Once that happened the question so many band members face was right there in front of him. What will become of this trumpet, this companion who saw him through so many years of education, games, parades and interminable hours of practice.


He put Nellie up on a shelf in 2004, two years after graduation from LSU.

A lot of changes came after that. Brandon had worked as a car salesman, disc jockey, and hospice equipment delivery person.


Most recently he has become an apprentice electrician and finds it to his liking.

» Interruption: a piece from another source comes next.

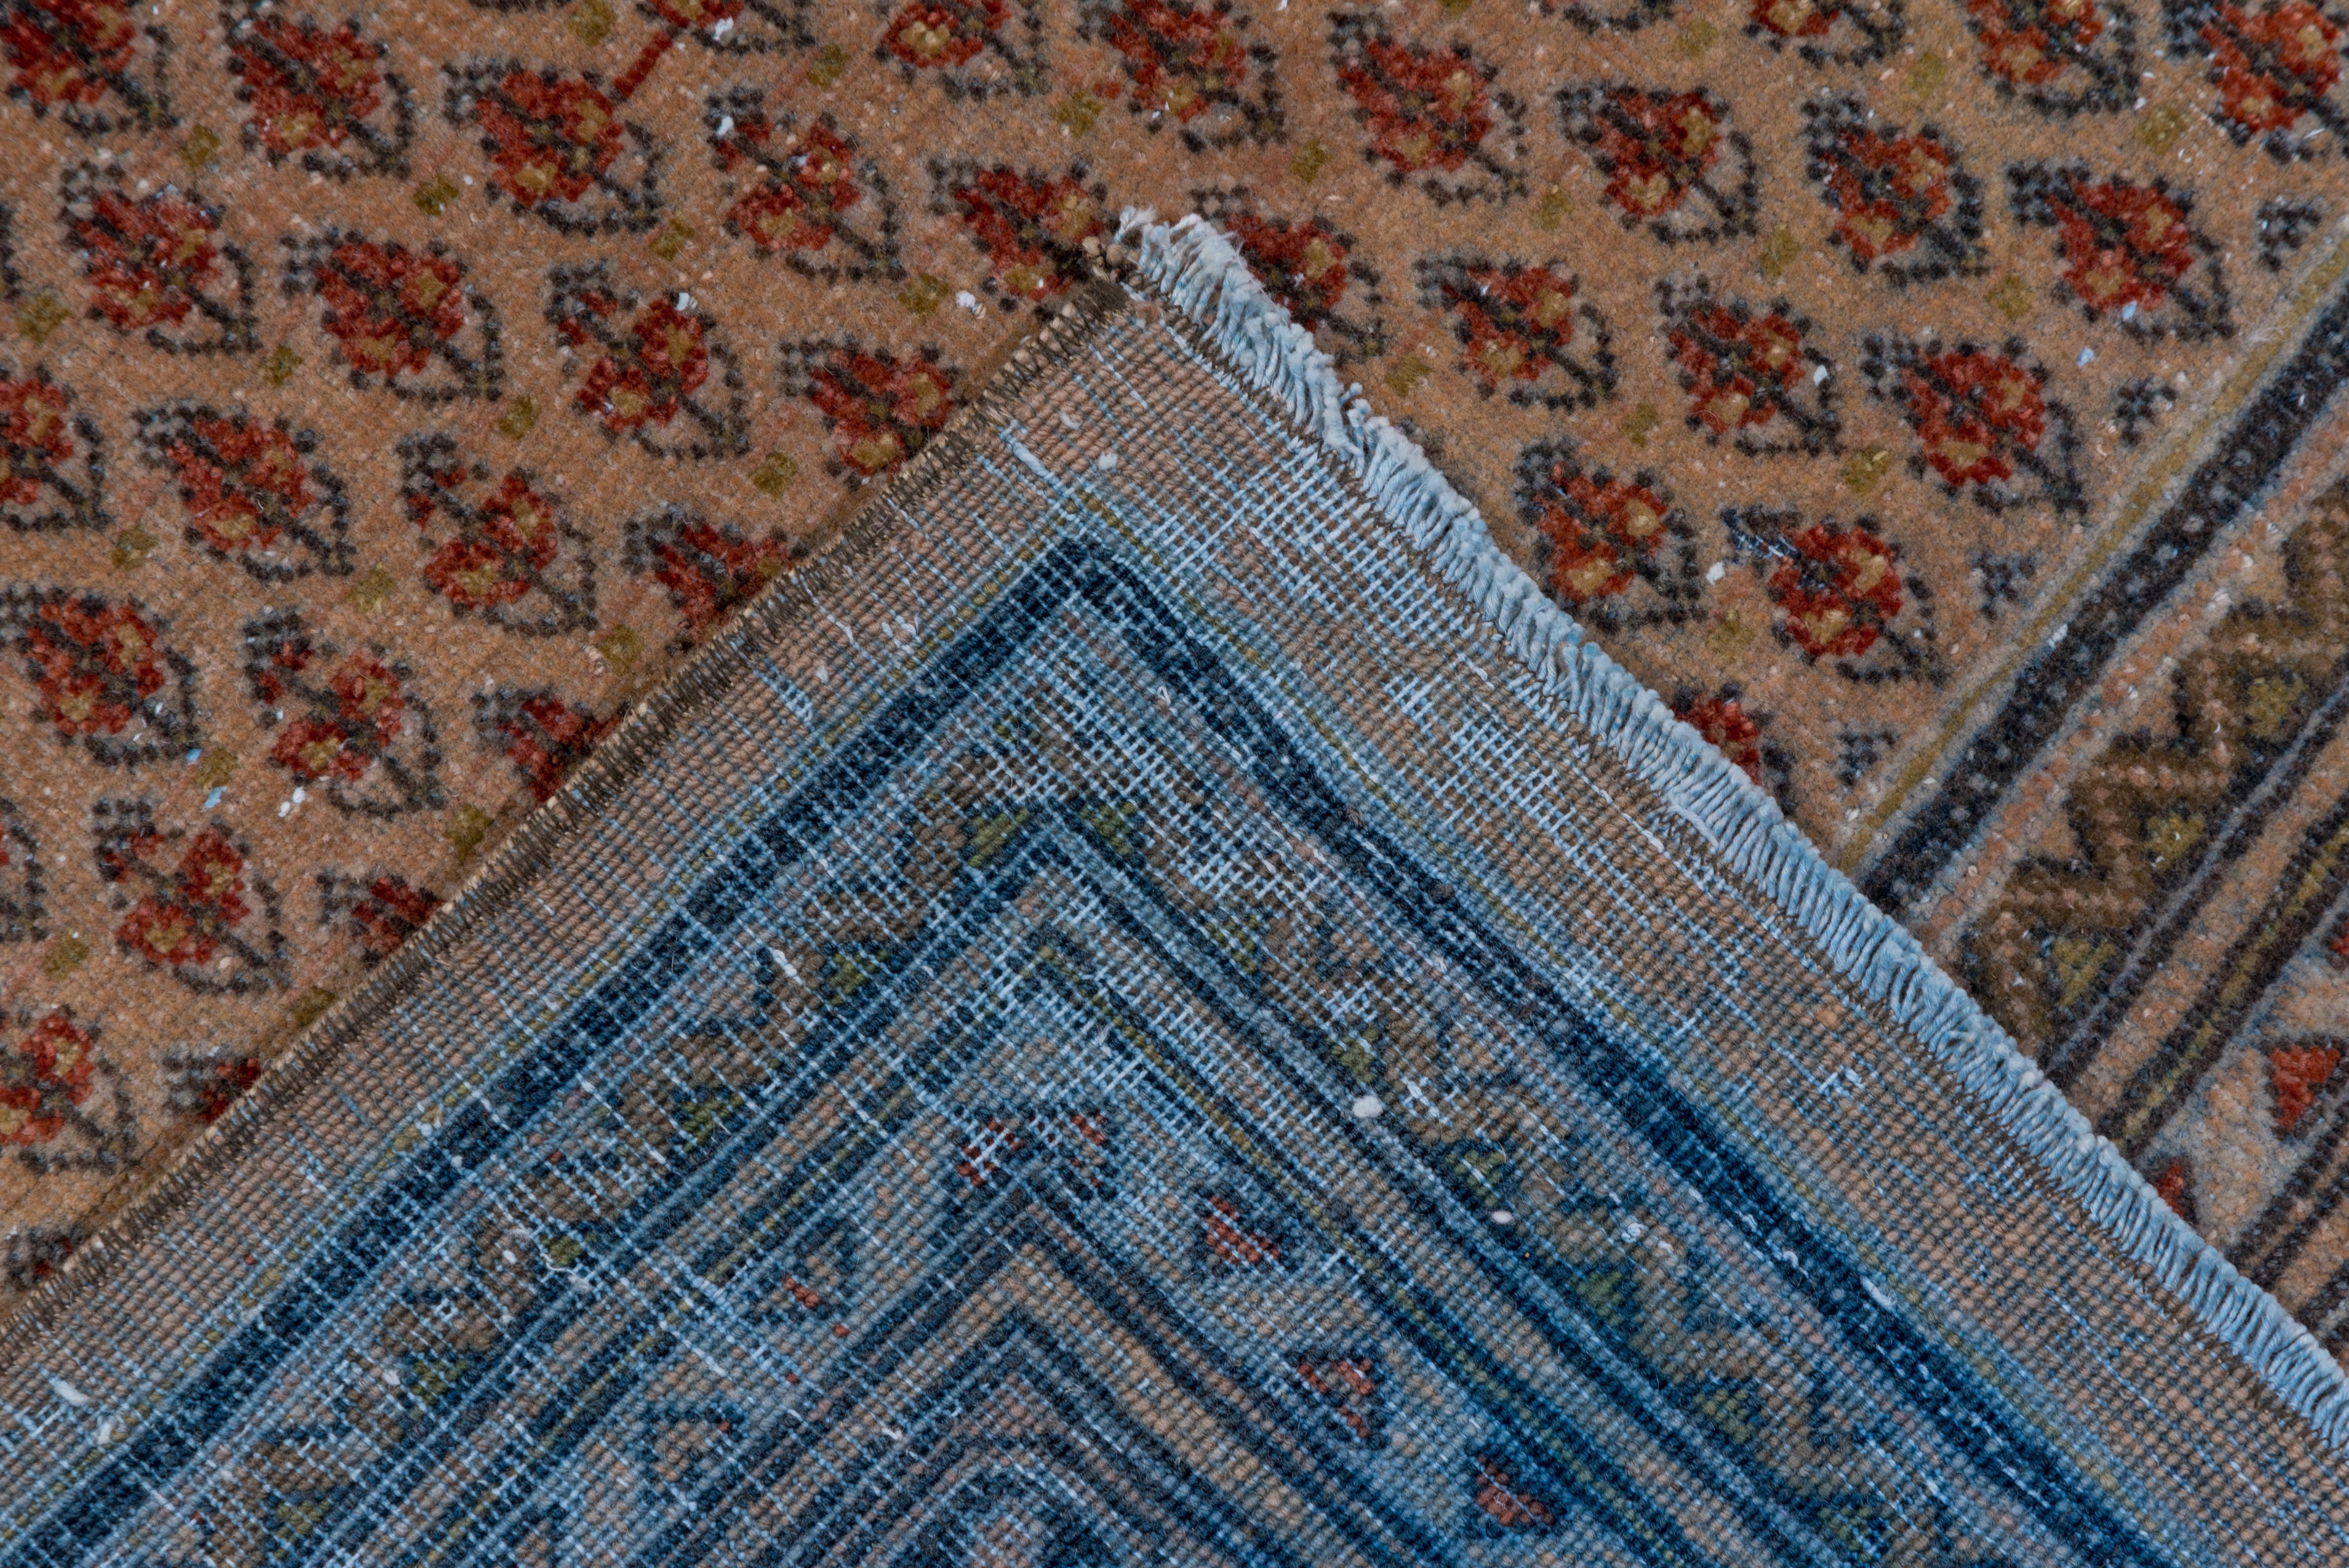 Wool Mid-20th Century Persian Saraband Carpet, Light Brown Field, Blue & Red Accents For Sale

That’s a good thing because Brandon, who traveled from Bayou Little Caillou to Baton Rouge and then California, traveling to Missouri from there with his bride, needs to make a good steady living, what with two little boys and all. He and the family live in the bayouside home where he grew up.

Nellie remained forgotten until some of the guys Brandon works with said there were some events that would require musical talent from among them to step forward. Brandon volunteered his trumpet skills.

And so, on Monday at about 6:10 p.m. He gently removed the brown leather case that had been Nellie’s sepulchre, buried as it was behind old clothes.

When the case was opened it smelled exactly as it always had, the aroma of valve oil and the carpeting inside. Nellie had gone from silver to black in color, tarnished but not beyond repair.

He put the trumpet together, checked the spit valve, oiled up the valves and then, fingers at the ready, Brandon placed his lips against the cold brass of the mouthpiece. Through pinholes he made on the sides of his mouth, Brandon drew in breath. And then he breathed Nellie to life.

“I played,” Brandon said. “I just played chromatic scales up and down. It felt like my lips were jelly, not muscled like they used to be. I tried my high notes. Believe or not I had the high notes still. Not super high but high enough.”

Brandon and Nellie are going to spend quality time together again, not six hours per day but a lot of time nonetheless, as he gets ready to make music with the co-workers.

And he has learned a life lesson.

“The music never goes away,” he said “It’s always there. Even if you think it’s gone it’s always there. People should do that. Now. Today. They should get their old instrument out and play it. See how they feel after. I’m glad I did. So far.”

After he made the first notes Brandon’s sons, Aiden and Luke, ages 5 and 3, besieged him, and Nellie.

“They said they want to learn how to play,” Brandon said. “Unless I want to pay for lessons I guess I’ll have to teach them.”